Reisen sind Abenteuer, wie Sie sagen, zu unberechenbar, um zur Passion zu werden. Aber sie erweitern den Horizont. Ich habe an die 50 Länder besucht, das hat mich und meine Arbeit nachhaltig geprägt. Ich habe im Iran die poetischen Gärten bewundert – und erst die Jugend dort! – und in der Mongolei einen der weltweit größten Kaschmirproduzenten.

Und wenn Sie wieder zu Hause in Hamburg sind, wie begegnet man Ihnen auf der Straße?

Sehr herzlich! Es erstaunt mich jedes Mal, wenn sie sich für meine Arbeit bedanken und von ihren Lieblingskleidungsstücken schwärmen. „Sie haben mir Kraft gegeben“, sagte mal jemand. Mir war diese persönliche Beziehung, die meine Mode zu den Menschen hergestellt hat, gar nicht so bewusst.

Würden Sie sich im Rückblick als Glückskind bezeichnen?

Eigentlich bin ich ein Mensch, der lieber nach vorne guckt, in die Zukunft. Aber ich bin dankbar für alles, was möglich war. Die Zeit, in der ich aufwuchs, war für einen Anfang wie meinen günstig. Wenn es dann auch noch ein Glück ist, in seiner Arbeit aufzugehen, dann stimmt das. Dann bin ich ein Glückskind.

Peter Lindbergh fotografierte Sander 1991. Warum es kaum zeitgenössische Fotos von ihr gibt? Nach Lindberghs Tod 2019 wollte sie sich keinem Fotografen mehr anvertrauen. (Foto: Peter Lindbergh)
Peter Lindbergh fotografierte Sander 1991. Warum es kaum zeitgenössische Fotos von ihr gibt? Nach Lindberghs Tod 2019 wollte sie sich keinem Fotografen mehr anvertrauen. (Foto: Peter Lindbergh)

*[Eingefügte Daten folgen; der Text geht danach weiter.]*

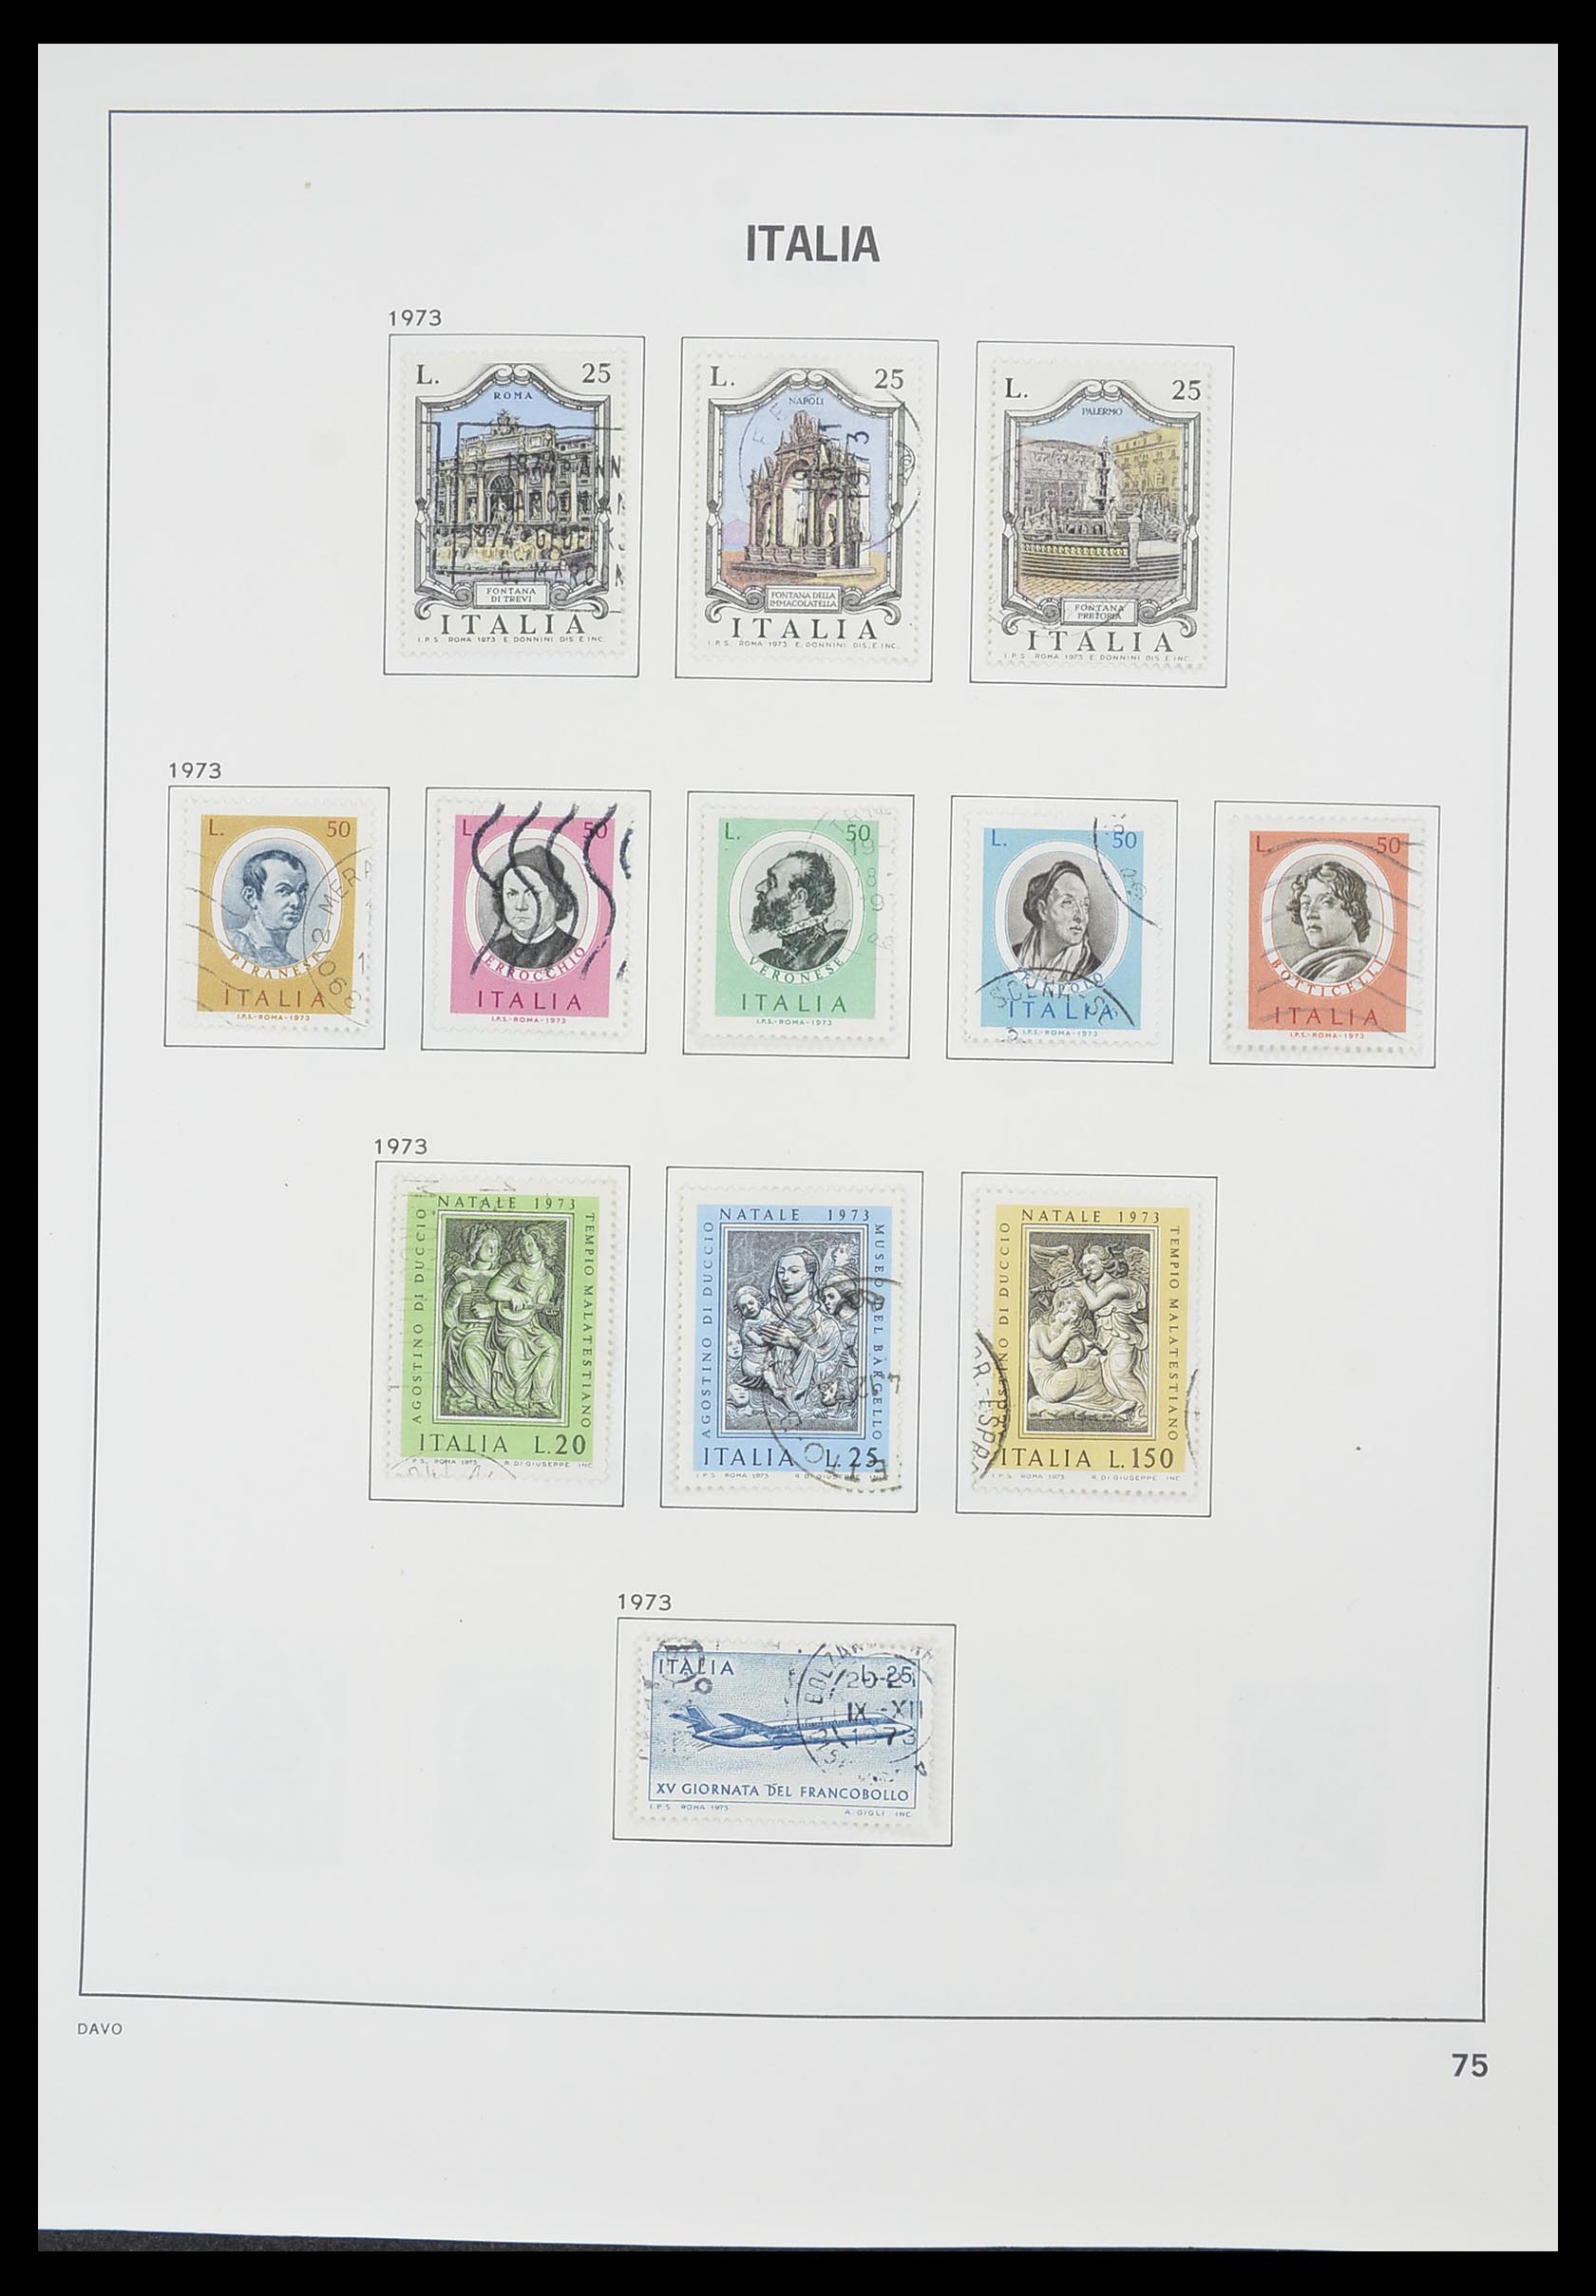 33413 050 - Stamp collection 33413 Italy 1945-2000.

Drei Stunden sitzen wir nun zusammen, weit jenseits aller Erwartungen, weit jenseits von allem Üblichen. Interviews mit ihr sind schon eine Rarität, aber dass ein Rekorder mitlaufen darf, dass ein Frage-Antwort-Text ohne Änderung autorisiert wird, das zeugt von großer Souveränität. Erstaunlich ist überhaupt, wie viel Offenheit, Wärme, Bescheidenheit und Aufgeräumtheit Jil Sander ausstrahlt. Und überhaupt: dass sie so strahlt. Als sei sie mit sich, mit ihrer Arbeit, ihrem Leben, ihrem Schaffen, der Schlüssigkeit ihres Tuns und Seins zufrieden, völlig im Reinen. Vielleicht ist das ja das wahre „Pure“ von Jil Sander.